The last 30 years have seen an explosion of “cognitive-behavioral” therapies of one sort and another. These have deep roots in operant-conditioning approaches to the understanding of behavior on the one hand and humanist psychotherapeutic techniques on the other. It has to be said that clinical psychology, rather than psychiatry, has been the lead discipline in developing most of these therapies. However, this is also an area where cross-fertilization with medical approaches to clinical-trials technology has been of central importance in establishing the efficacy of these treatments both as monotherapies and in combination with medications.

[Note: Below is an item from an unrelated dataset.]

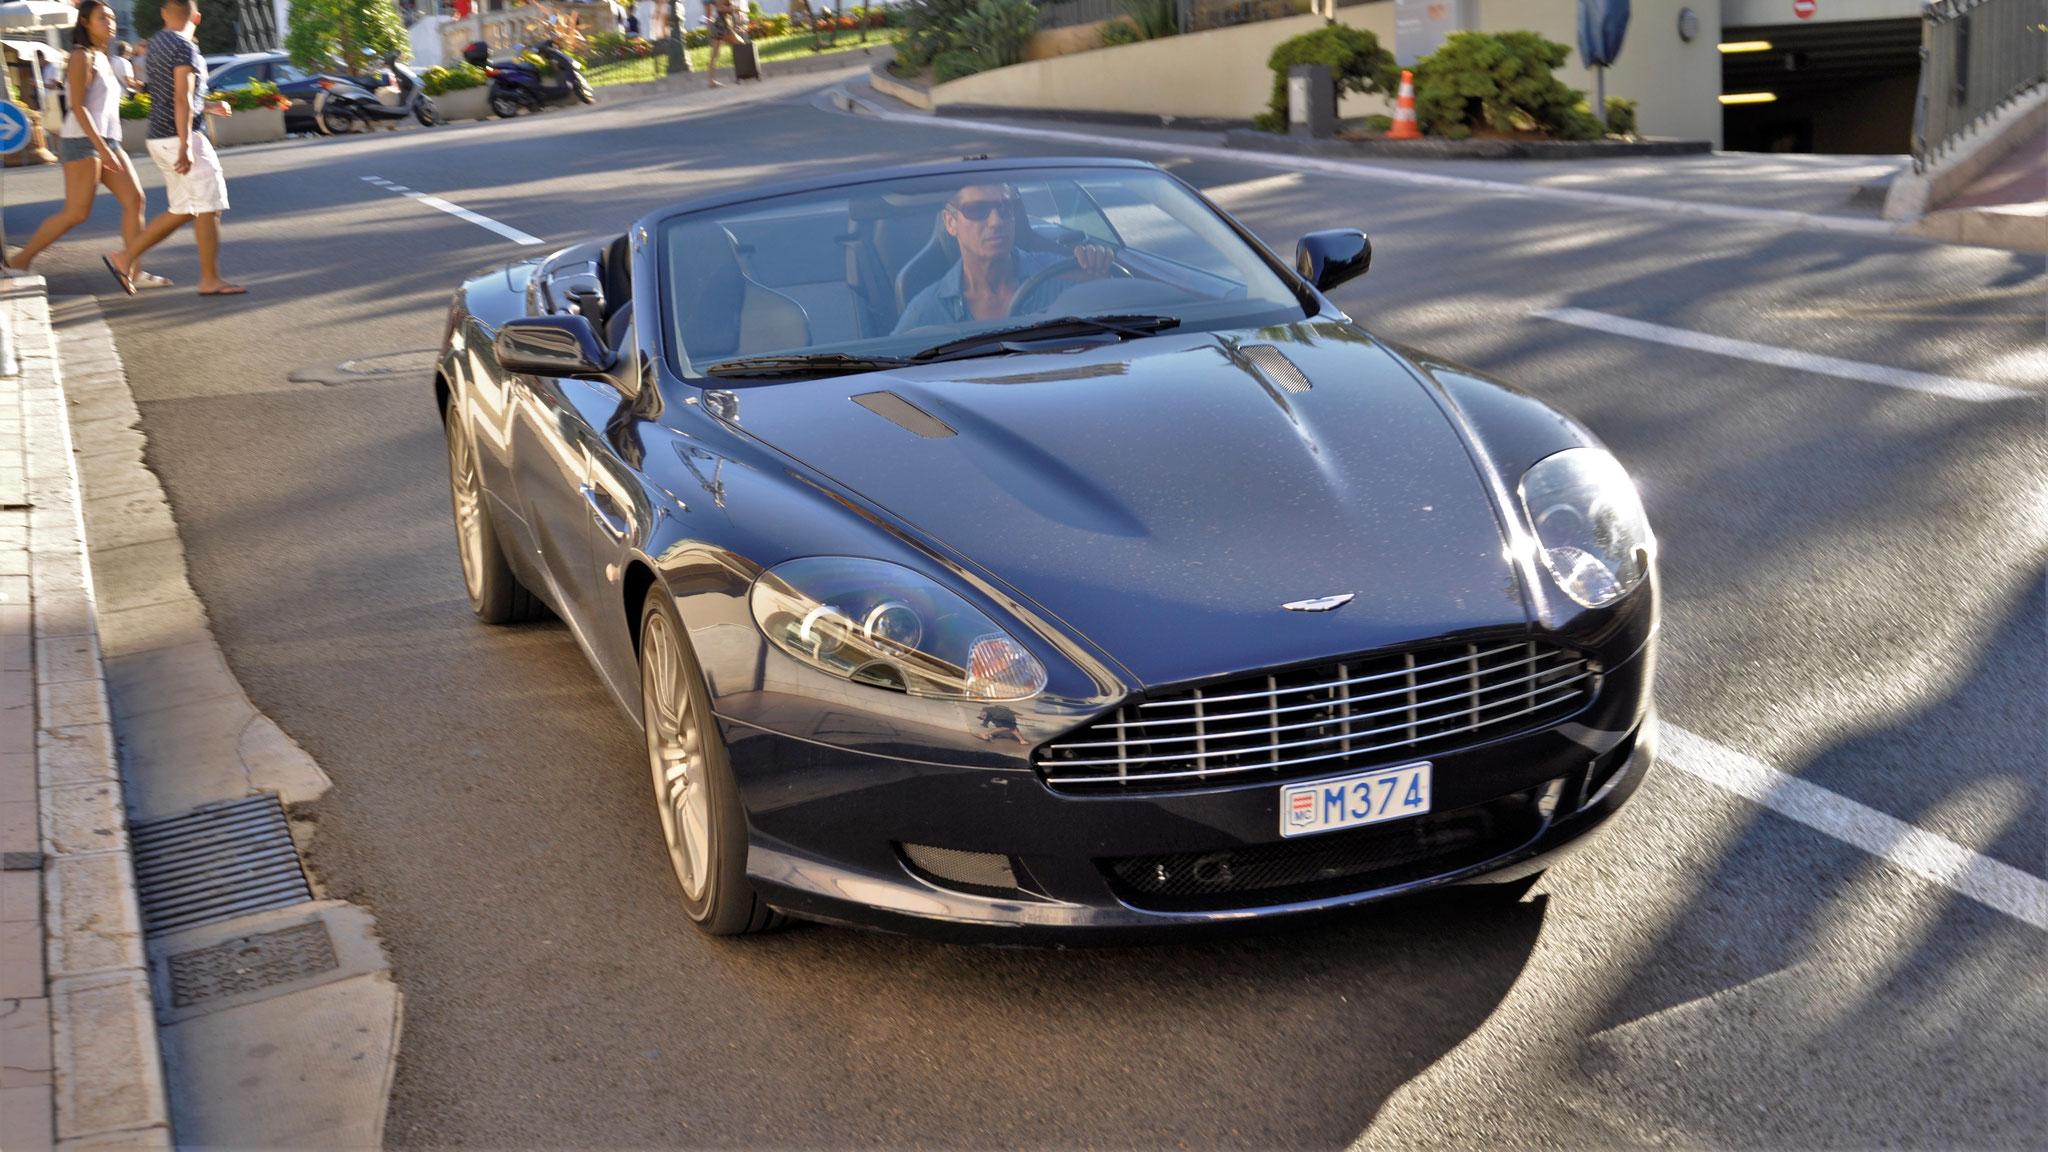 Aston Martin DB9 Volante - M374 (MC)

Developmental Psychopathology

The demise of psychoanalysis as an overarching framework for psychiatry and psychoanalysis’ relegation to a relatively small locker in the therapeutic armamentarium left a big hole in psychiatry’s understanding of human emotional and behavioral development. Thankfully, psychologists had been thinking about and studying development from a range of perspectives throughout that discipline’s history. Much of that material has become incorporated into what is now tantamount to a “standard biopsychosocial consensus” model of human development. There are, of course, enormous disagreements as to details, but it is hard to imagine a psychiatrist or psychologist these days not assenting to the notion that human emotions and behavior in all their normal and abnormal forms are the products of complex multilevel interactions/coactions/interplays among genetic, physiologic, psychological, and environmental factors. Psychiatry has contributed rather little to this standard theory of psychological development, although it must be admitted that the “founding document” of the subdiscipline of developmental psychopathology was a collaborative effort of a psychiatrist and a psychologist (Sroufe & Rutter, 1984). The heavy lifting of documenting the development of perceptual, motor, cognitive, social, and behavioral capabilities and interpersonal variation has been contributed mostly by psychology, and as a field, psychiatry has not yet fully absorbed the implications of key developmental psychological constructs like temperament or attachment, even though physicians were key figures in the earliest stages of their scientific usage.

In summary, we think that modern psychiatry is as indebted to psychology as modern medicine is to physiology. In both cases, the science-based medical discipline simply would not exist without its basic science counterpart. œ

References and Further Reading

Bechtoldt, H. P. (1959). Selection. In S. S. Stevens (Ed.), Handbook of experimental psychology (pp. 1237–1267). New York, NY: Wiley.

Cronbach, L. J., & Meehl, P. E. (1955). Construct validity in psychological tests. Psychological Bulletin, 52(4), 281–302.

Feighner, J. P., Robins, E., Guze, S. B., Woodruff, R. A., Jr., & Munoz, R. (1972). Diagnostic criteria for use in psychiatric research. Archives of General Psychiatry, 26(1), 57–63.

Neisser, U. (1976). Cognition and reality: Principles and implication of cognitive psychology. San Francisco, CA: W. H. Freeman.

Spitzer, R. L. (1976). More on pseudoscience in science and the case for psychiatric diagnosis. Archives of General Psychiatry, 33(4), 459–470.

Sroufe, L. A. & Rutter, M. (1984). The domain of developmental psychopathology. Child Development, 55, 17–29.